Later, each group presented their ideas, and a few of them were selected for prototyping. Demos ensued. @Jack’s idea rose to the top as a combination of status-type ideas. @Jack, @Biz, and @Florian were assigned to build version 0.1, managed by @Noah. The rest of the company focused on maintaining Odeo.com, so that if this new thing flopped we’d have something to fall back upon.
The first version of @Jack’s idea was entirely web-based. It was created on March 21st, 2006. My first substantive message is #38:
We struggled with a codename and a product name. “It’s FriendStalker!” joked @Crystal, our most prolific user. The userbase was limited entirely to the company and our immediate family. No one from a major company of any kind was allowed in. For months, we were in Top Secret Alpha because of competing products like the now-defunkt Dodgeball. The original product name / codename “twttr” was inspired by Flickr and the fact that American SMS shortcodes are five characters. We prototyped with “10958” as our shortcode. (We later changed to “40404” for ease of use and memorability.) @Florian was commuting from Germany, so in order to operate with him we secured a “long code”, or a full 10-digit phone number linked to a small-potatoes gateway. Twttr probably had about 50 users in the 10958 days.
I was following everyone on the system. We had an admin page where you could see every user. As Head of Quality for the company, it seemed like my duty to watch for opinions or issues from our users. This caused confusion, though, when family members of our team were suddenly being followed by a seemingly random person. Thus, Private Accounts were born. @Jack and @Florian created a means for users to mark themselves private, and we admins had the ability to tell who wanted to be private so we’d know not to follow them. Actual, real privacy with secure protection came a bit later. I’d say there were about 100 users when Private was invented.
The interaction model and the visual metaphor for the service were constantly in flux. The meaning of being someone’s “Friend” versus “Following” someone changed regularly. At that point, you could either get all SMS messages or get none. There was no Twictionary back then; data in the system were referred to as “posts” or just “messages”. The lack of clear terminology led to some pretty spirited debates leading up to the Spring of 2006.
We launched Twttr Beta on @Ev’s birthday. We could now invite a slightly larger circle of friends, but still excluding any large companies (with a few trusted exceptions within places like Google). I’ll never forget the family-friendly feeling of that day. We all knew that we were going to change the world with this thing that no one else understood. That day stands out in memory as the deep breath before a baby’s first cry.
Meanwhile, Odeo and the corporate board were at a tension point. Not only was the value of Twttr difficult to describe, the relevance of Odeo was declining monthly. Drastic cuts were recommended.

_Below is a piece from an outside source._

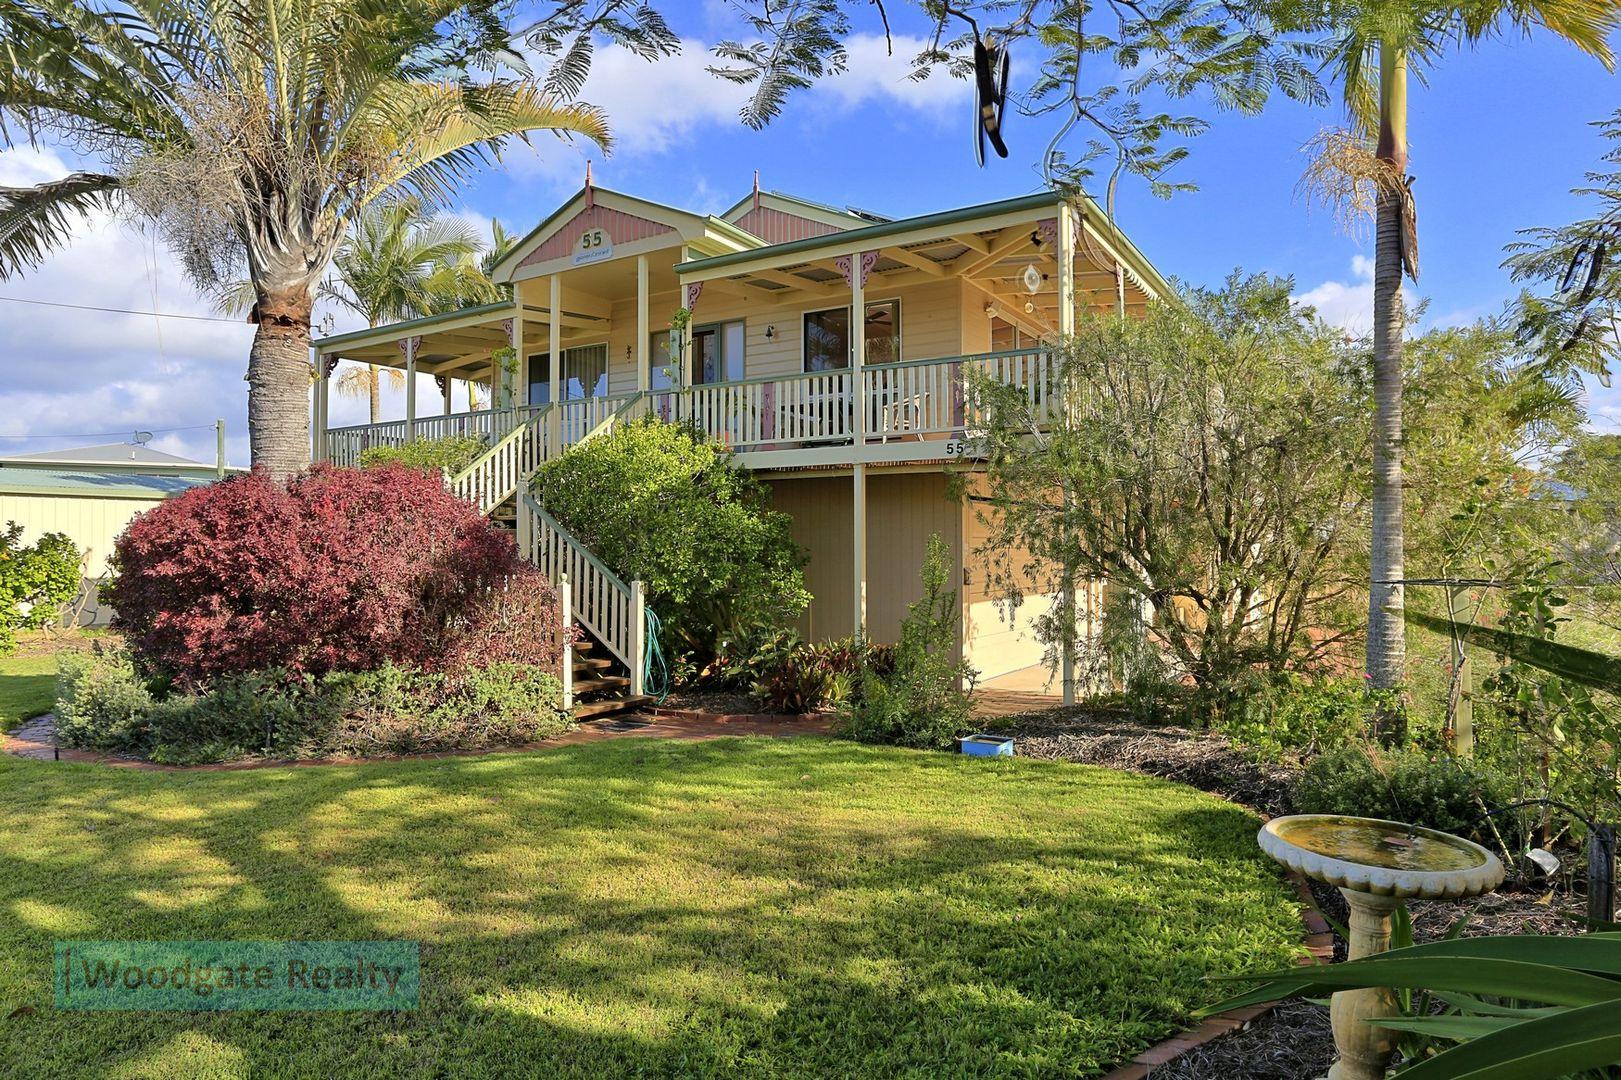 55 Mackerel St, Woodgate QLD 4660, Image 0
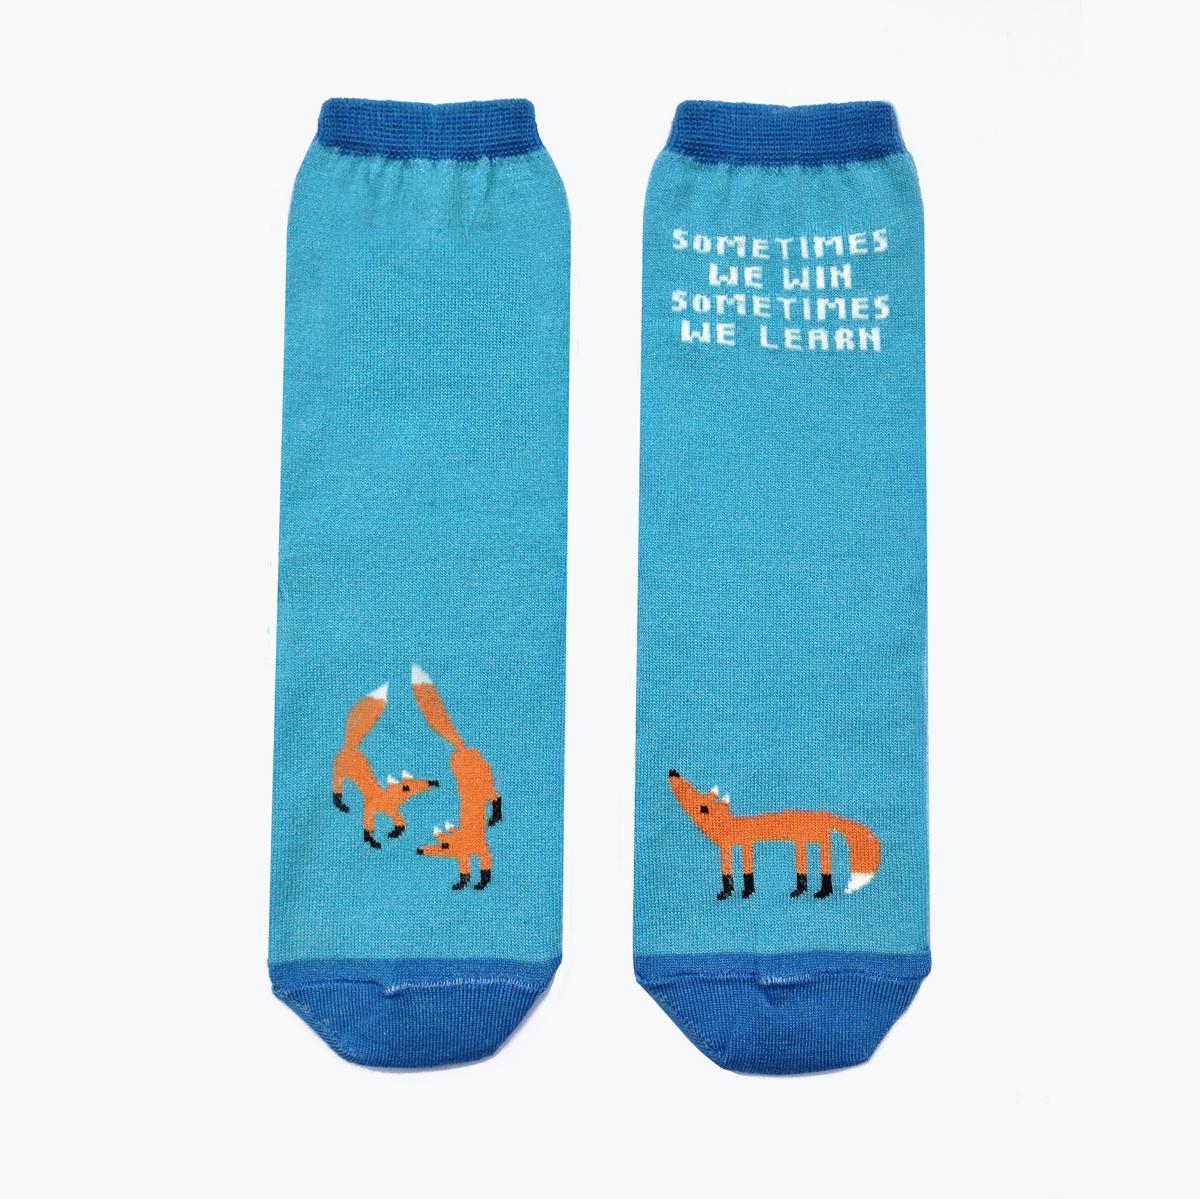 Носки мужские Big Bang Socks, махровые, цвет: голубой, оранжевый. ca1133. Размер 40/44ca1133_махровыеТеплые мужские махровые носки Big Bang Socks изготовлены из высококачественного хлопка с добавлением полиамидных и эластановых волокон, которые обеспечивают великолепную посадку. Носки отличаются ярким стильным дизайном, они оформлены изображением лисичек и надписью: Sometimes we win sometimes we learn. Удобная широкая резинка идеально облегает ногу и не пережимает сосуды, усиленные пятка и мысок повышают износоустойчивость носка, а удлиненный паголенок придает более эстетичный вид. Дизайнерские носки Big Bang Socks - яркая деталь в вашем образе и оригинальный подарок для друзей и близких.

One day in early May 2006, @Ev let four of us go: @Adam, @TonyStubblebine, me, and @Rabble. @Noah and @TimRoberts would later be asked to leave as well. It was a tough decision and huge shock to each of us. We all handled it differently. Looking back on it, I think Twitter allowed us to stay connected when we might not have otherwise been. After all, we weren’t even public with the site yet, so each of us continued to add value just by using it with each other.
During this transition, Twttr.com launched to the public. Still, very few people understood its value. At the time most people were paying per SMS message, and so wouldn’t Twttr run up our bills? Also, how were we supposed to use this thing and who cares what I’m doing? Each one of us original users became a kind of personal evangelist for Twttr, trying to get our coworkers and friends to use it. At this point, Obvious Corp was born as an incubator with Twttr as its sole project.
@Jack was still just an engineer, and the service was only a few months old when the group acquired Twitter.com and re-branded. Back then, we had no character limit on our system. Messages longer than 160 characters (the common SMS carrier limit) were split into multiple texts and delivered (somewhat) sequentially. There were other bugs, and a mounting SMS bill. The team decided to place a limit on the number of characters that would go out via SMS for each post. They settled on 140, in order to leave room for the username and the colon in front of the message. In February of 2007 @Jack wrote something which inspired me to get started on this project: “One could change the world with one hundred and forty characters.”
Just in time for SxSW, @RayReadyRay rigged a very sweet Flash-based visualizer that ended up on display on the halls of the conference. I wasn’t working there, but I used to visit regularly to see how our baby was doing. I happened to be at the office in SF when the visualizer went live on site in Austin. I remember finding a bug just before showtime, as @Biz and @Jeremy talked over the phone. Everything miraculously fell into place by the time people filtered out of the sessions to see their comments floating along the hallway screens. Boom #1: Twitter won an award in the Blog category, and @Jack thanked everyone in 140 characters.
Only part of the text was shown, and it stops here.